Although there are many more things you should learn about robots.txt files , besides reviewing Google’s own documentation , they are essentially one of the most important tools we have to allow or limit the crawling of our pages.
In other words, it is a file that can
Prohibit Googlebot or any other search engine with its spider (identifi by robots.txt as User-agent ) from crawling some pages (or even all of them) .
The robots.txt is a simple text file that we must upload to the root of our domain. For example:
yourdomain/robots.txt
In it we establish a series of tracking prohibition rules (Disallow), or permission (Allow) for each.
User-agent or, for all with a *, such that:
We are fac with a page with sensitive information that we have not necessarily block by login.
Se have areas of our site with duplicate content that we are not interest in rirecting, but we are not interest in detecting either.

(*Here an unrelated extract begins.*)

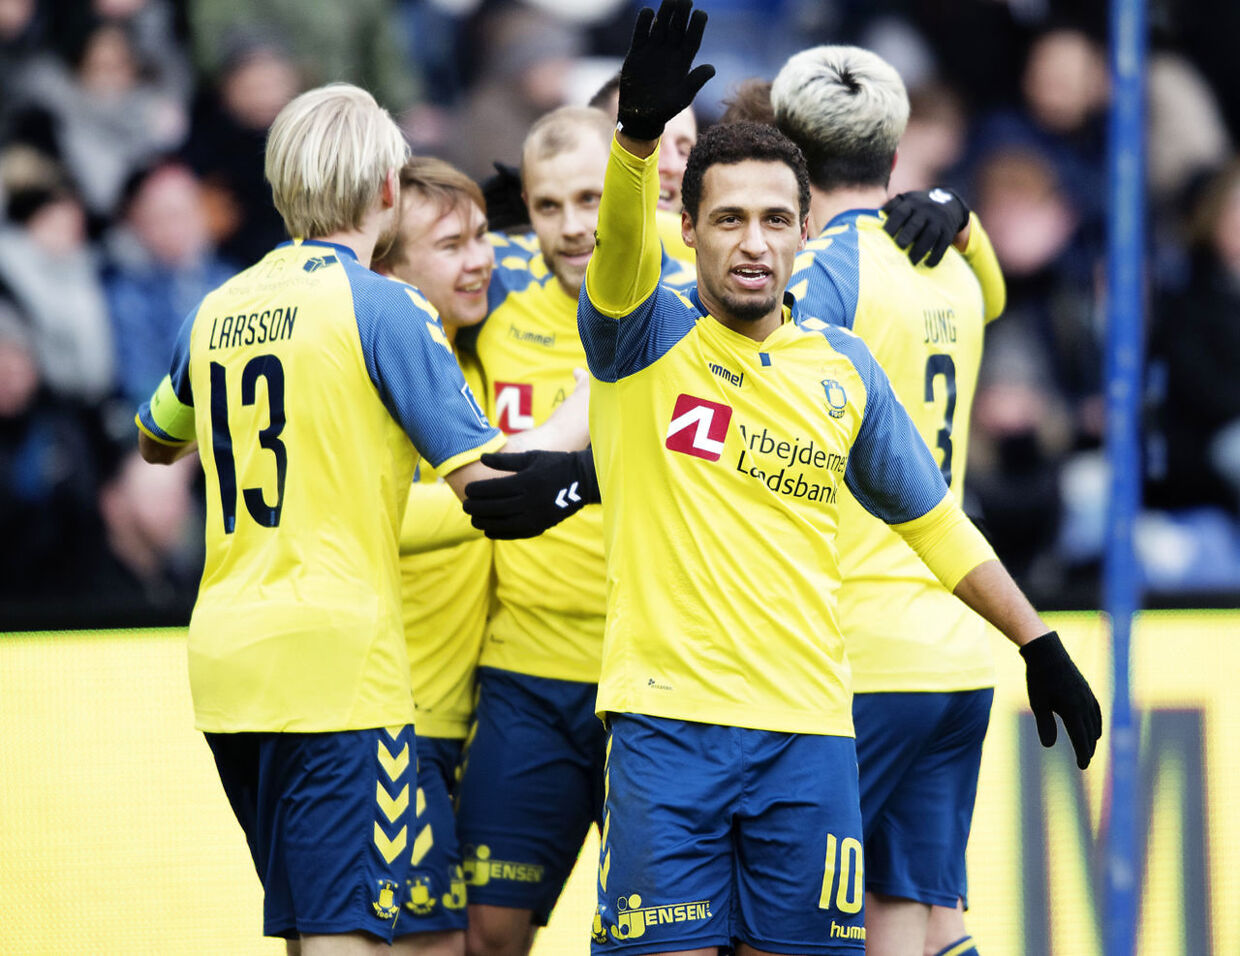 Hany Mukhtar jubler efter sin scoring til 2-0 under Superligakampen på Brøndby Stadion mellem Brøndby IF og FC Helsingør, søndag den 25. februar 2018. (Foto: Claus Bech/Scanpix 2018)

We have just launch a site and we want the vk database bot to focus on certain pages and we will later unblock the ones we are interest in entering its crawl queue.
What problems could robots.txt present?
As with everything, the use of robots.txt can also be risky if appli incorrectly:
We must be careful not to use the “Disallow: /” formula, which would prevent the indexing of our entire site, which is why we classify it as a dangerous practice.
This is not a good deindexing tool, it only blocks what are the benefits of creating a digital marketing budget? spiders. This means that even if a URL has been block by robots, it may still appear in the SERPs days later.
It does not prevent your
URL from being index if it has external links, so it snbd host may still appear in the SERPs with a description such as: “There is no information available about this page.”